What Tatiana and I have built at Natural Pigments grows from that lineage. By the time the New York store closed, Natural Pigments had become the second-largest historical pigment supplier in the United States, after Kremer itself. We make our oil paints in Willits, California, and ship from there, with fulfillment partners in Canada and Germany. We have been teaching technical material to painters since 2013, when we began the Painting Best Practices seminar program; over a thousand painters have now taken those courses, and the Painting Best Practices community on Facebook has grown to 30,000 members. In 2024, we moved the educational program to a membership site with live monthly events. We are currently expanding production of historically reconstructed pigments — including Stack Process Flake White, which we have been making since 2007 — and we are restoring British watercolor formulations from the first half of the nineteenth century, drawing on Ackermann and Winsor & Newton sources, for our Rublev Colours watercolor line. We are developing new wax-resin materials in cooperation with the conservation community.
This is what we can be for a displaced Kremer customer. Not a replacement for what was lost. A different kind of resource for the parts of the work where we genuinely fit.
A closing acknowledgment
There is an account, in a 2019 profile of Georg Kremer in Ursula magazine, of the painter Jack Whitten’s studio in Queens after his death. Whitten, who died in January 2018, had spent his later years obsessively experimenting with Kremer pigments — the iridescent and pearlescent ones that gave his Quantum Wall paintings their strange, shifting surfaces. After he died, his daughter placed some of his ashes in a plain brown box and put it on the shelf, among the jars of pigment. “I put Dad with the pigments,” she said. “I think he’d be happy there.”

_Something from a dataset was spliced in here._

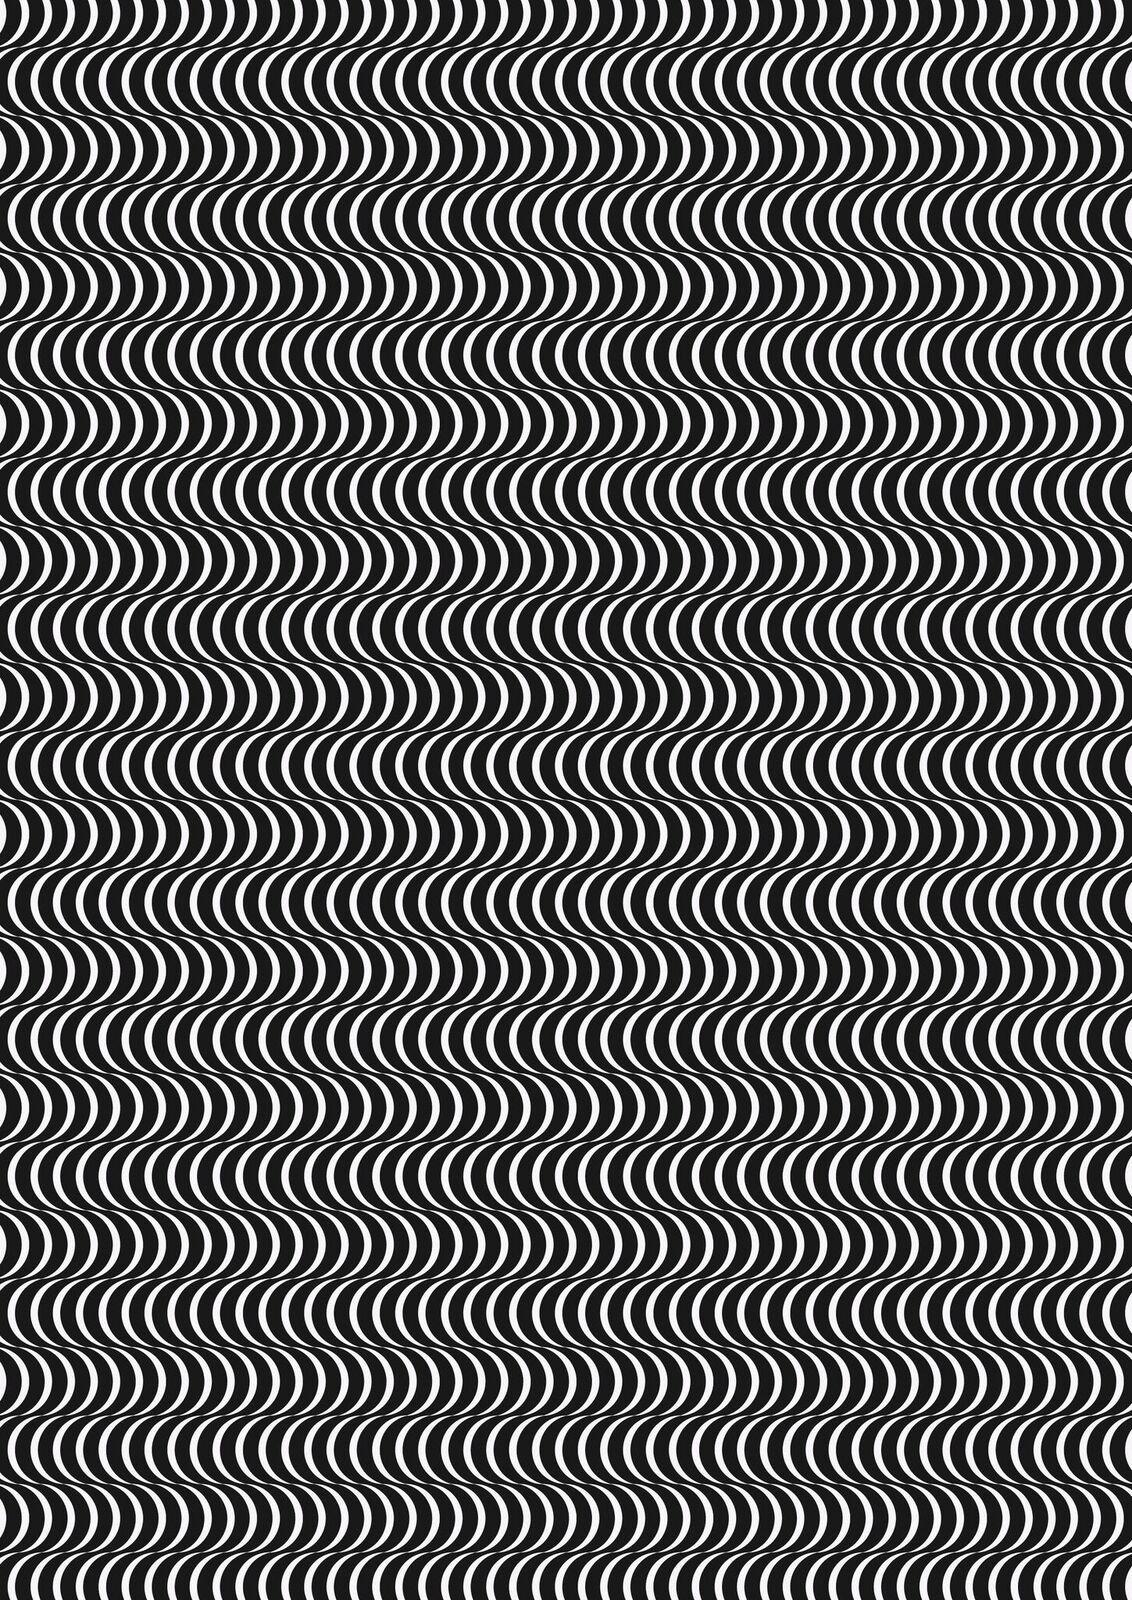 Lewis & Irene Geometrix - Black/White Scallops - GX3.1

I think about that detail. It captures something true about what a place like Kremer NYC was for the people who depended on it. Not just a store. A part of the work itself.

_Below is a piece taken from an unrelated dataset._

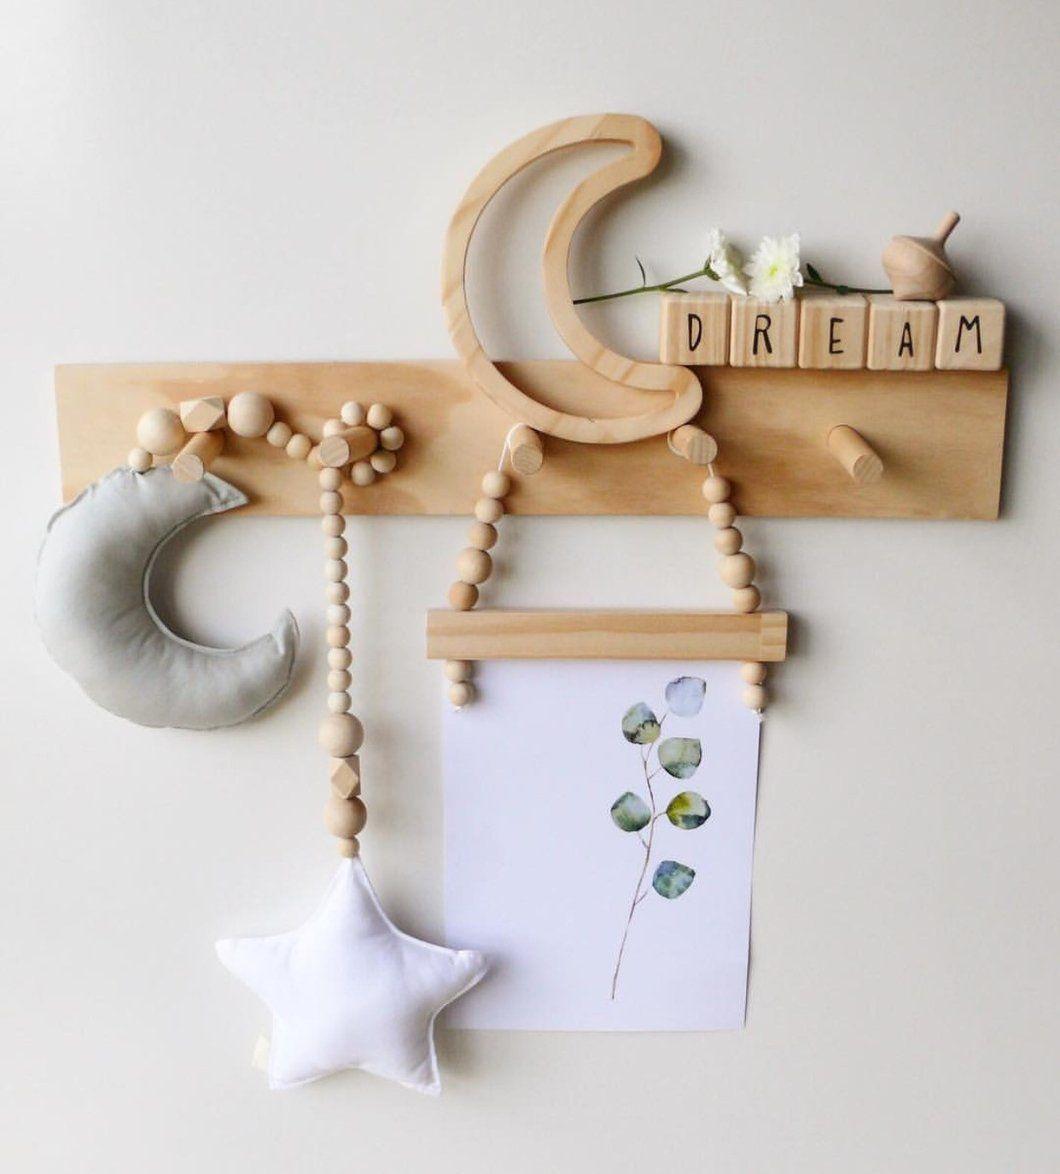 Tassel Wooden Beads Car hanging Wall Hanging Pendant Natural Wood Nursery Room

The store is gone, and there is no replacement for what it was. Kremer Pigmente in Germany continues — Georg’s son David is now co-managing director, and the work that began with smalt blue in the early 1970s continues to evolve. There are other suppliers, including Natural Pigments, who carry parts of what Kremer offered. And there is the small specialist community of painters, conservators, and craftspeople who depend on these materials and who, by continuing to buy seriously from the makers who continue to do this work seriously, keep the field from collapsing into mass-market alternatives.

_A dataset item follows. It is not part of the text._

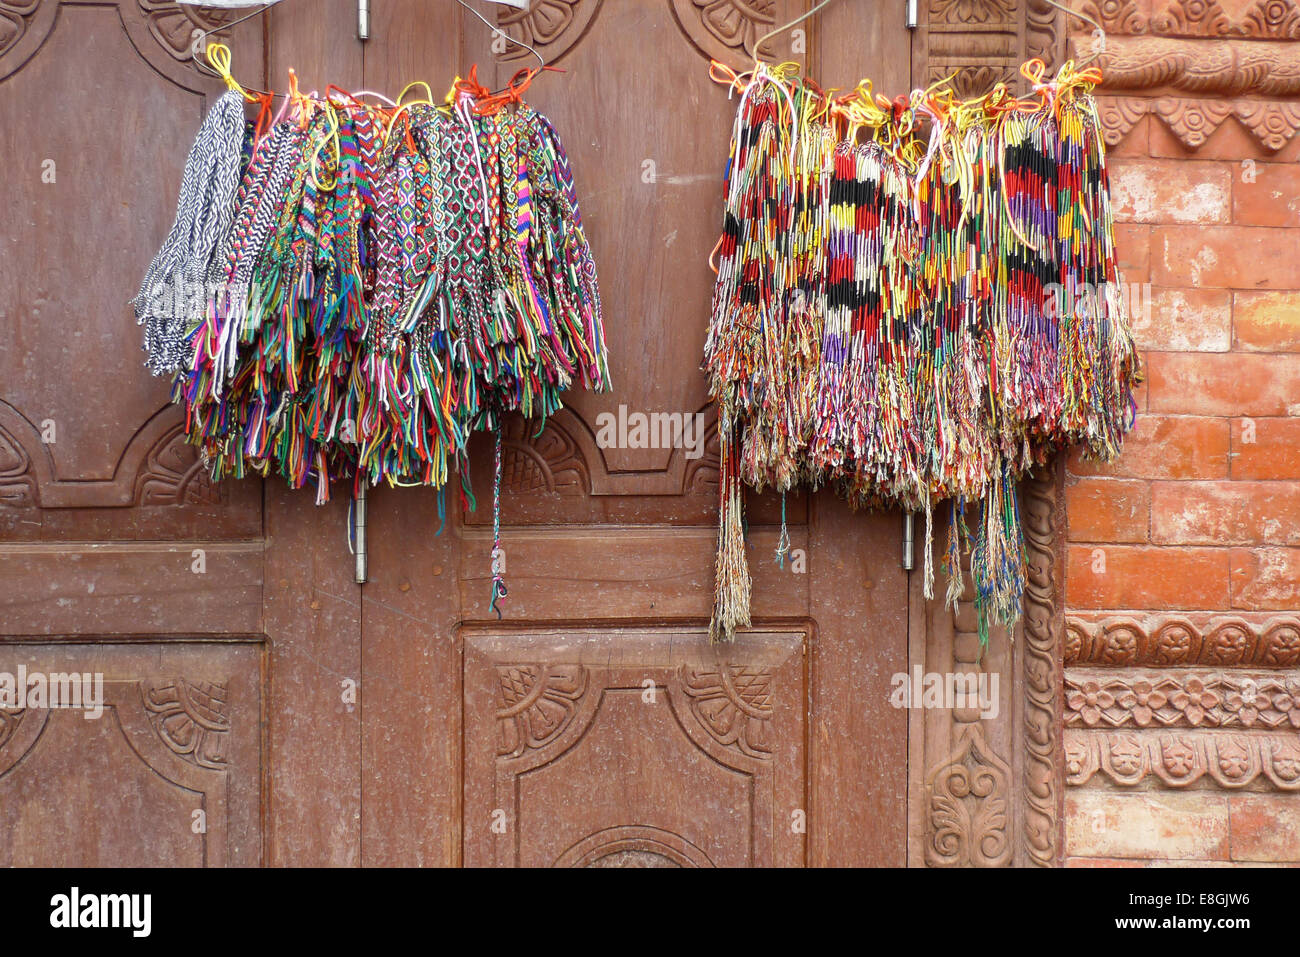 Colorful bracelets - Stock Image

That last point is the one I want to leave you with. Where you spend your money in the next year matters. Spend it where the work is being done well, and the work continues. Spend it carelessly, and a field that has already lost a great deal loses more.
— George O’Hanlon, Technical Director, Natural Pigments


















I found Natural Pigments back in 2006 or shortly after, through Iconofile, and have been using your products ever since. I taught a methods and materials class briefly at LAAFA, and your catalog was one of the handouts. As your product line has grown and as Natural Pigments has started to include modern pigments, I have used Natural Pigments more and more. Thank you for all your hard work!
I'm so glad to have both Natural Pigments and Kremer Pigments as resources in both my teaching and my own practice! Thank you for all you do--working with historical pigments has changed my life.